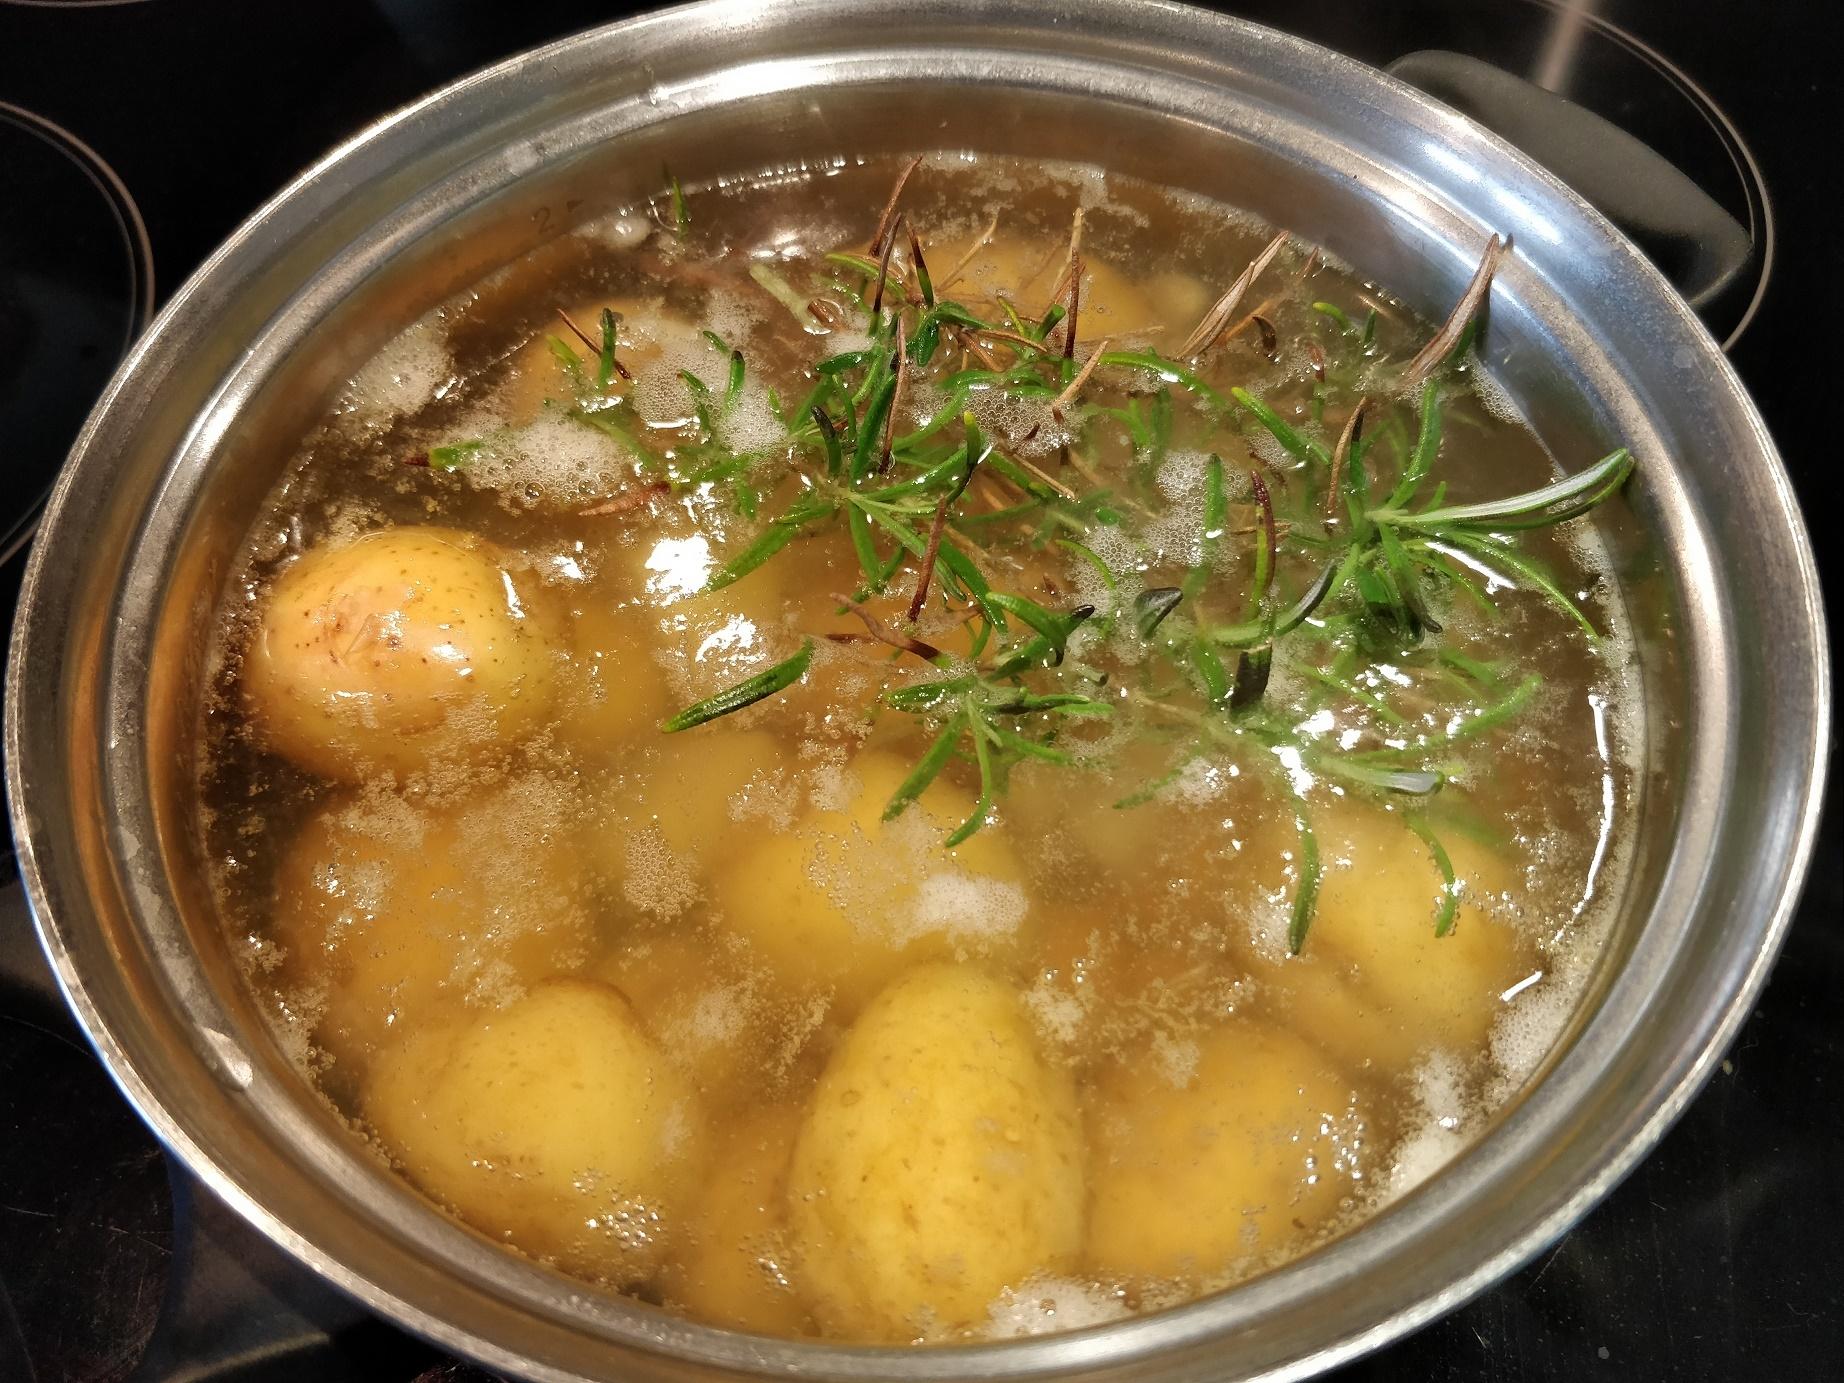 Kartofler til kartoffelsalat kan koget med eksempelvis rosmarin
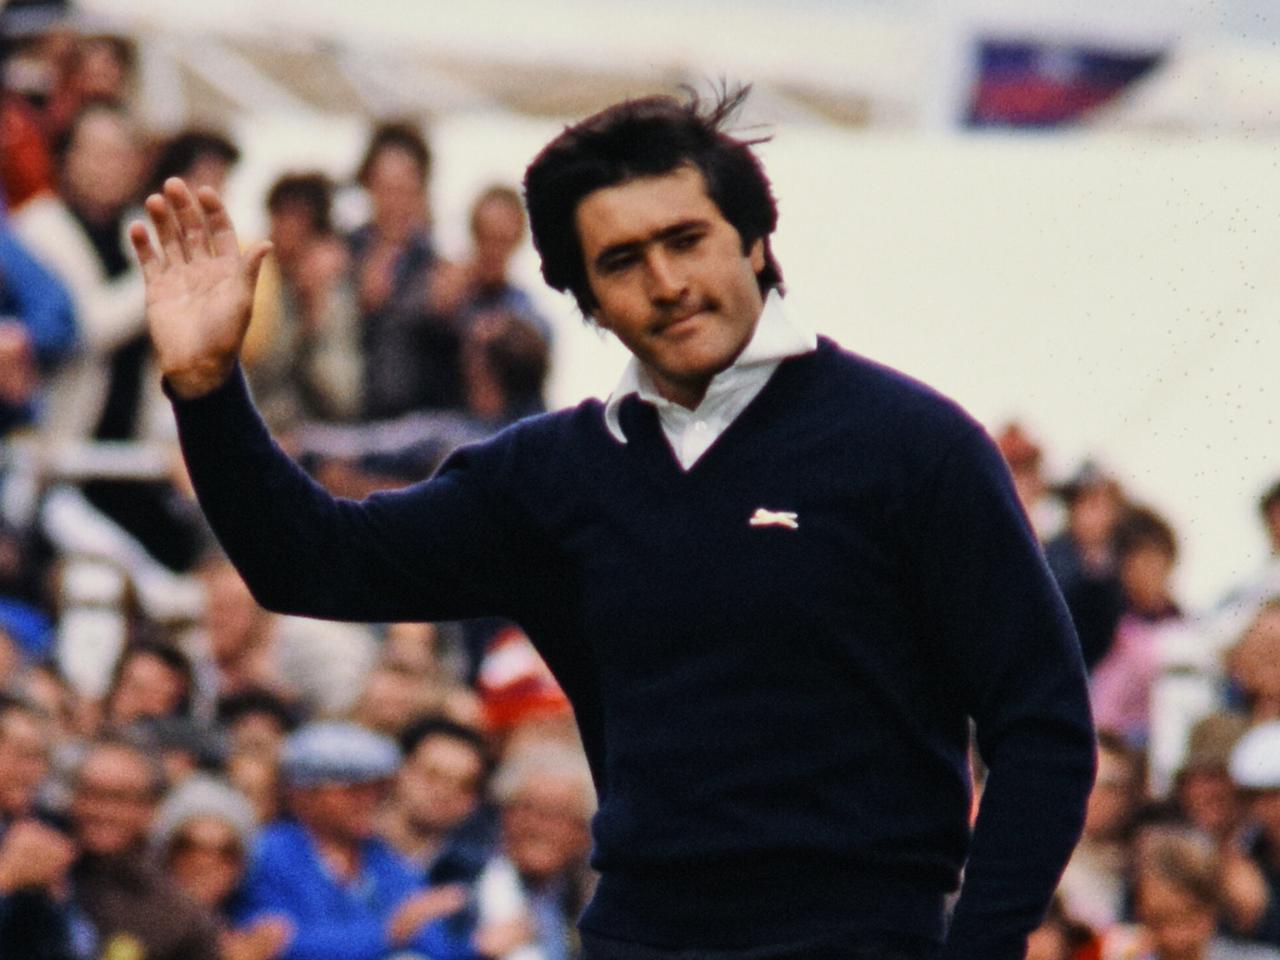 画像: スペイン出身の名手、セベ・バレステロス。そんなセベのドキュメンタリーフィルム『セベ』がR&Aプロデュースのもと制作・公開された(写真は1979年の全英オープン)
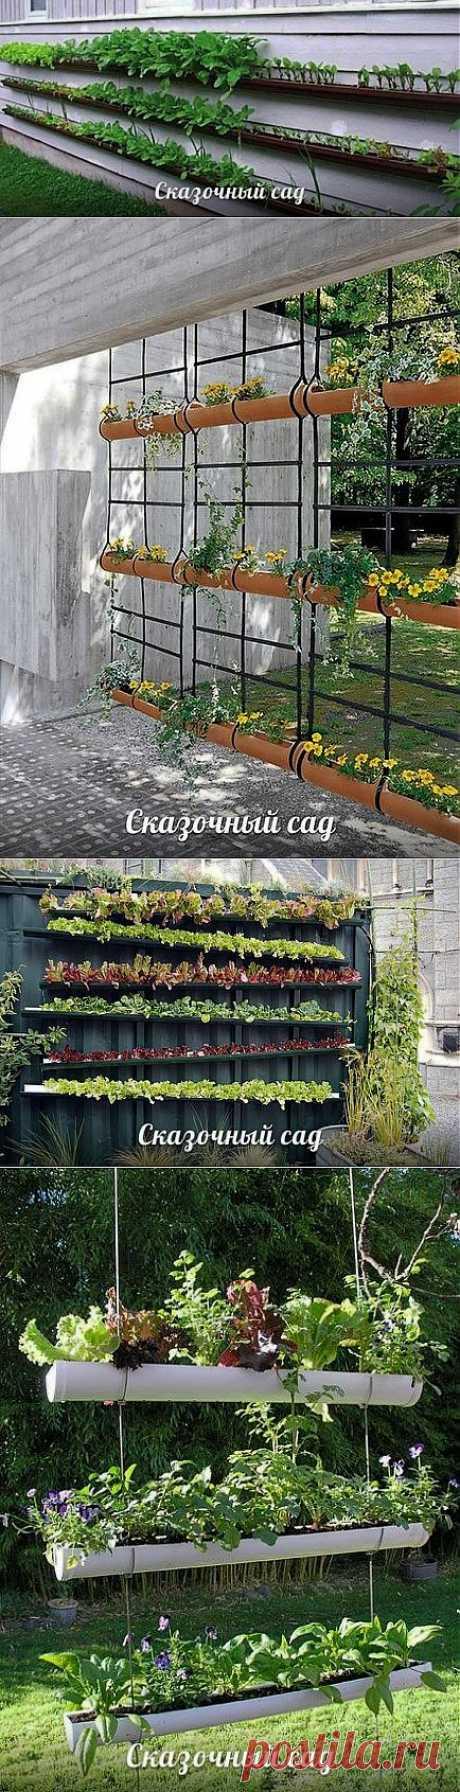 нашла еще идею / Сад и огород / PassionForum - мастер-классы по рукоделию
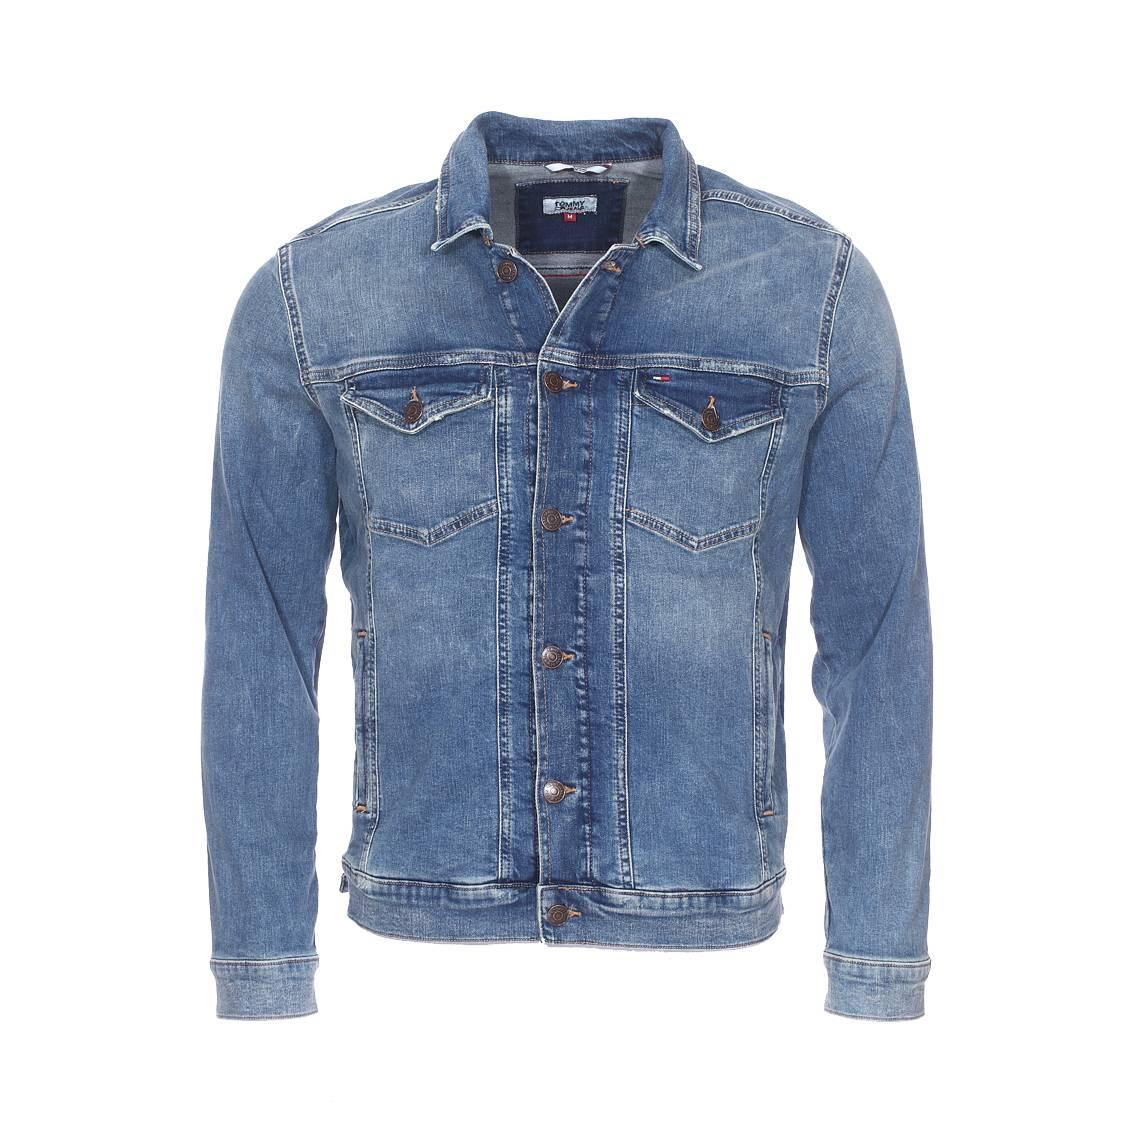 Veste en jean  clmmb en coton stretch bleu délavé
+++
# [WHAT IS BEING ASKED]
Please retype the data exactly, but do not carry over any picture.

# [WORKED SOLUTION]
 Kartofler til kartoffelsalat kan koget med eksempelvis rosmarin
 画像: スペイン出身の名手、セベ・バレステロス。そんなセベのドキュメンタリーフィルム『セベ』がR&Aプロデュースのもと制作・公開された(写真は1979年の全英オープン)
 нашла еще идею / Сад и огород / PassionForum - мастер-классы по рукоделию
 Veste en jean  clmmb en coton stretch bleu délavé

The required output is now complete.